This was not language that the Soviets would normally accept from a client state, but they could not afford an open break, and Guevara received no public response to his charges. As it happened, Raúl Castro and Osmany Cienfuegos, then construction minister, arrived in Moscow on the same day that Che Guevara spoke in Algiers, to attend a preparatory meeting for a conference of world Communist parties being planned for March. Cuban support was important in the Soviets' rivalry with China, and clearly they were not going to make an issue of Che's maverick attitudes. Whatever Fidel thought of Che's speech, he made a point of greeting him at the airport in Havana on March 15, which was a gesture for the Soviets' benefit too.
At this point, of course, the thread was broken and Che was never seen again—except dead, two and a half years later in Bolivia. It is an absolute mystery what happened, whether there was a breach in Castro and Guevara's friendship, as has been alleged, and whether Che really left of his own volition. Given Fidel's character, it is unlikely that he would turn for political or ideological reasons on so loyal and intimate companion as Guevara. Che certainly was not a rival. It is true, however, that in 1965 there really was no more place for him in the Cuban revolution. Fidel rebuffed his plans for the economy and at the same time resumed personal control over Cuban agriculture by returning to the presidency of INRA. Internationally, Che was losing his usefulness to Castro because the Communist community now regarded him with suspicion. In the absence of conclusive evidence to the contrary, it must be assumed that they jointly agreed on Guevara's permanent departure from Cuba. Apparently, it happened on April 1. And indeed it would be difficult to imagine him today as an aging revolutionary, approaching the age of sixty, in a subordinate position to Fidel and Raúl. Such a thought must have crossed Che's very proud and sensitive mind.

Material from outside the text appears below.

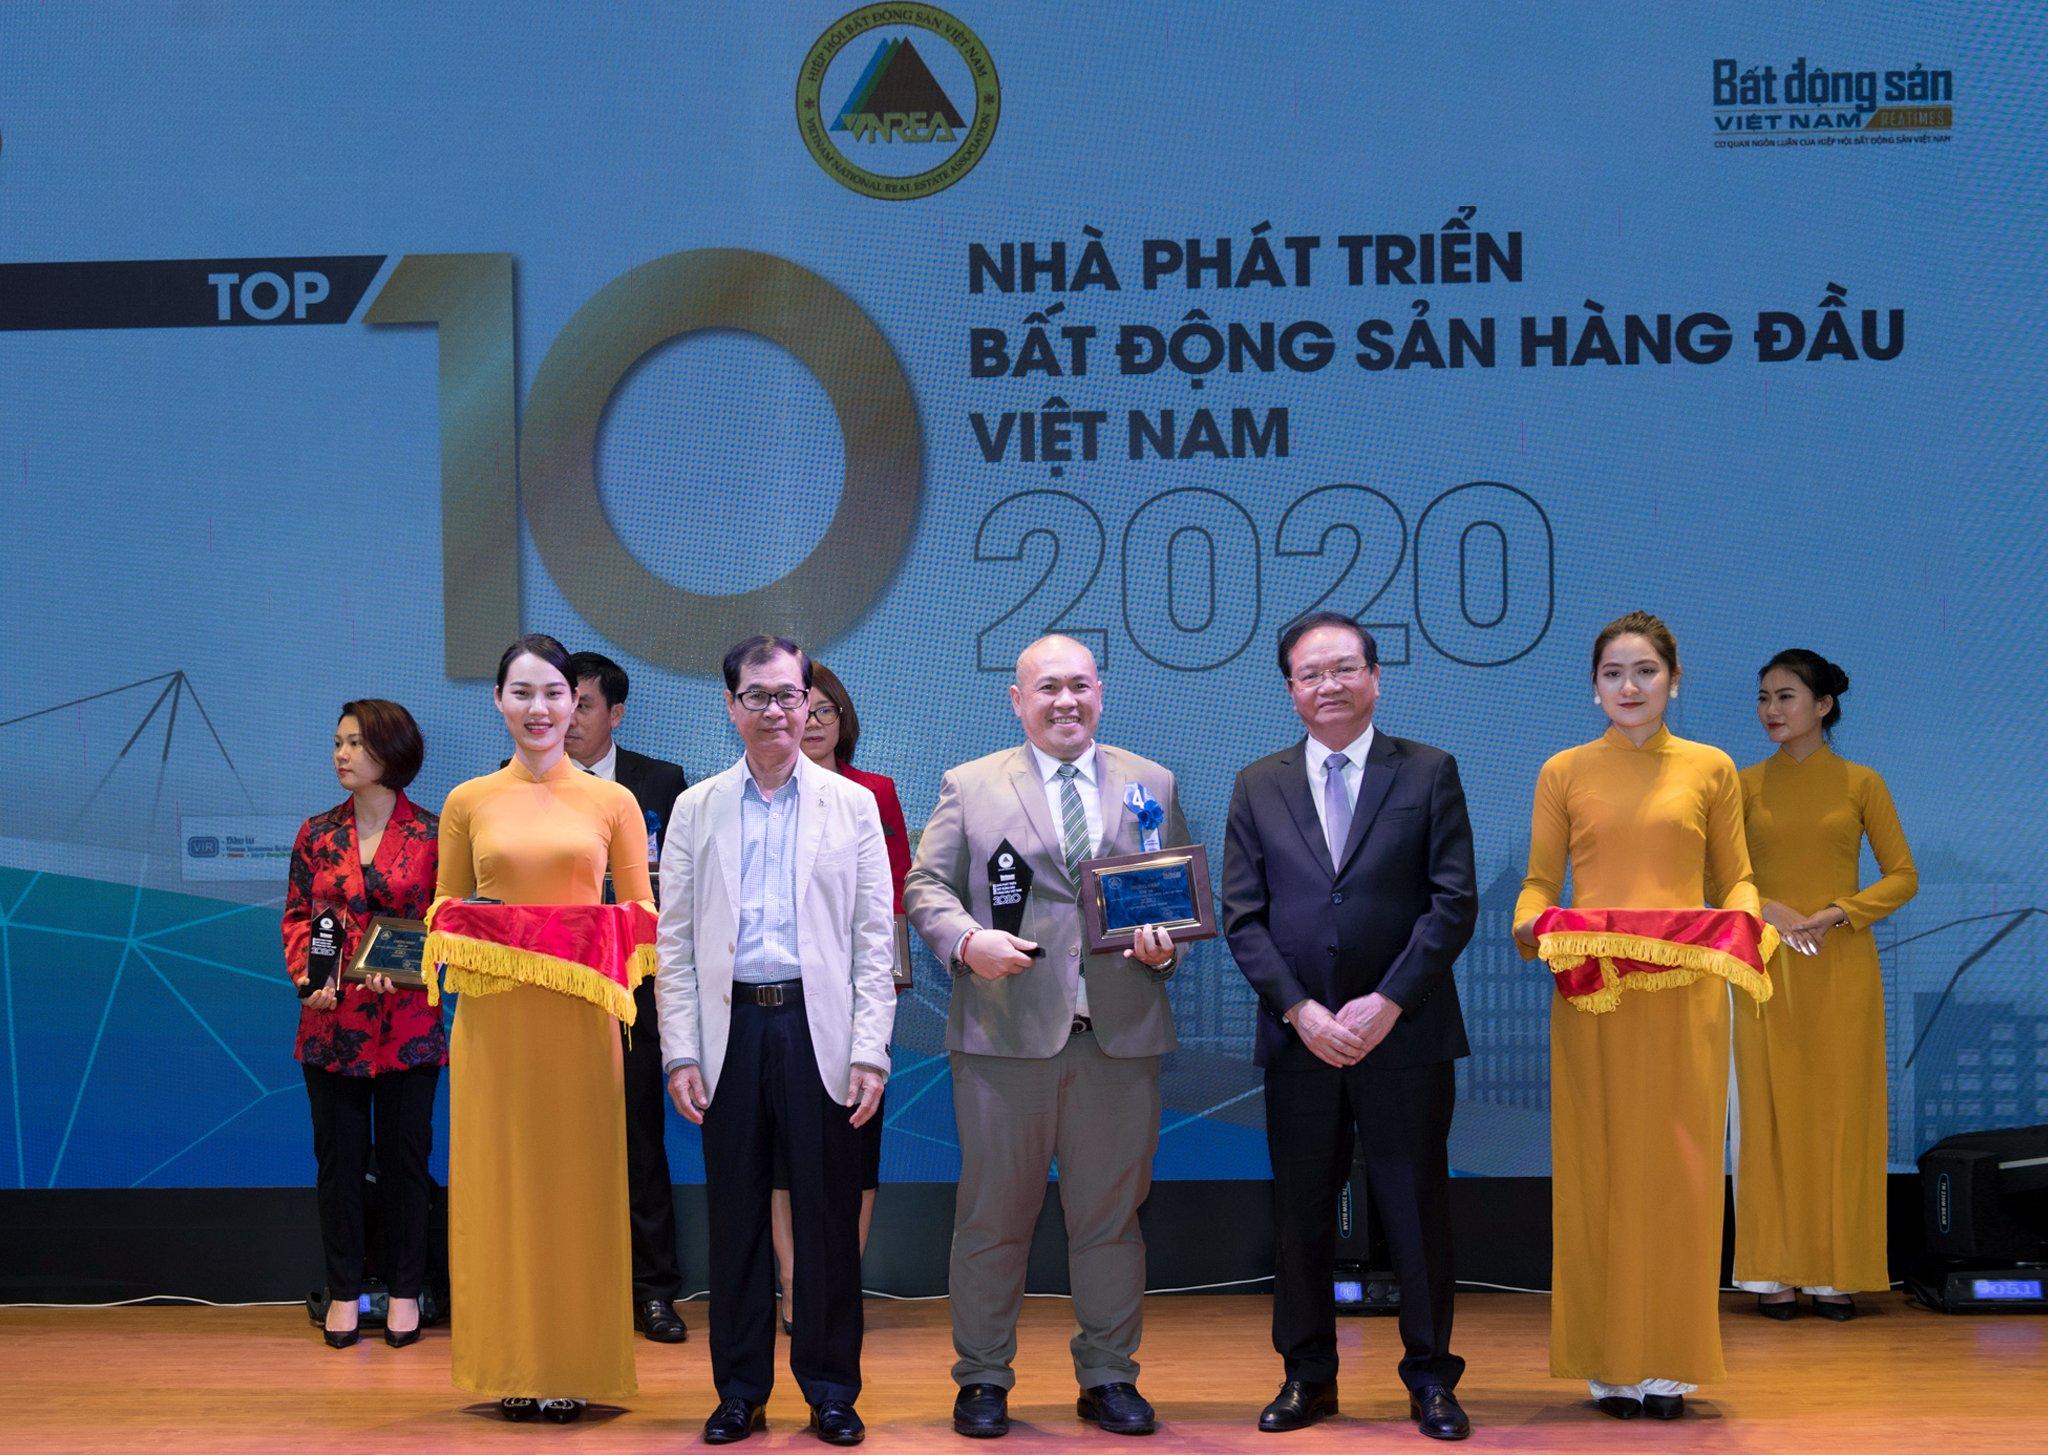 Hưng Thịnh Land khẳng định vị thế trong Top 10 nhà phát triển BĐS hàng đầu Việt Nam  - Ảnh 1

It would be wrong, however, to conclude that with Guevara's disappearance Fidel renounced their revolutionary objectives or become more tractable to Moscow and its local friends. In November 1964, for example, he had fired Joaquín Ordoquí, an "old" Communist leader, from the post of deputy defense minister, and arrested him and his wife, Edith García Buchaca. Both had been involved in the "sectarian" purge in 1962, and in the Rodríguez trial in March 1964, but Castro struck at them immediately after the change of leadership in the Kremlin as if to remind the new men they were not to interfere with Cuban Communist politics. The trade agreement for 1965 was signed on February 17, well behind schedule, a week before Che Guevara's denunciations in Algiers. Guevara was still abroad when Castro engaged in his own criticism of the Russians for not helping North Vietnam more effectively, and for not reacting more forcefully against the American bombings that had begun in February. "We are in favor of giving Vietnam all the aid that may be necessary, we are in favor of this aid being arms and men, we are in favor of the socialist camp running the risks that may be necessary for Vietnam," he said in a speech on March 13. And Castro abandoned his pro-Soviet stand in the Moscow-Peking dispute to protest this split, saying that "even the attacks on North Vietnam have not had the effect of overcoming the divisions within the socialist family. "
Fidel naturally was helpless when the United States landed troops in the Dominican Republic in April 1965, intervening in the civil war there on the side of the local generals against the left-of-center defenders of constitutional government. President Lyndon Johnson had ordered the invasion to stem what he claimed to be a Communist threat, probably inspired from Cuba, but in this instance it was Castro who derived most political profit. He had nothing to do with the civil war (though the defeated constitutional leaders later established close links with him), yet the spectacle of American troops fighting Dominicans had superb propaganda value for Fidel's "anti-imperialist" strategies at home and abroad.
Both Vietnam and the Dominican Republic were most convenient as revolutionary arguments when Castro convoked the "Tricontinental Conference" in Havana in January 1966 to reach out for Third World leadership. The conference spawned OSPAAAL (Solidarity Organization of the Peoples of Africa, Asia, and Latin America) and OLAS (Latin American Solidarity Organization), both with headquarters in the Cuban capital. Among those attending the conference was an Angolan rebel leader, a poet named Antônio Agostinho Neto, who headed the Popular Movement for the Liberation of Angola (MPLA) in the independence war against Portugal. Neto, a remarkably gifted and intelligent man, and Castro became friends, and soon MPLA guerrillas began to be trained secretly on the Isle of Youth along with a growing number of other African and Latin American revolutionary groups. These were the deep roots of Cuba's subsequent massive military involvement in Angola and, later, Ethiopia. From Brazil the Cubans brought Francisco Julião, the leader of peasant leagues demanding land reform in the drought-parched Brazilian northeast, but he never developed into a serious revolutionary.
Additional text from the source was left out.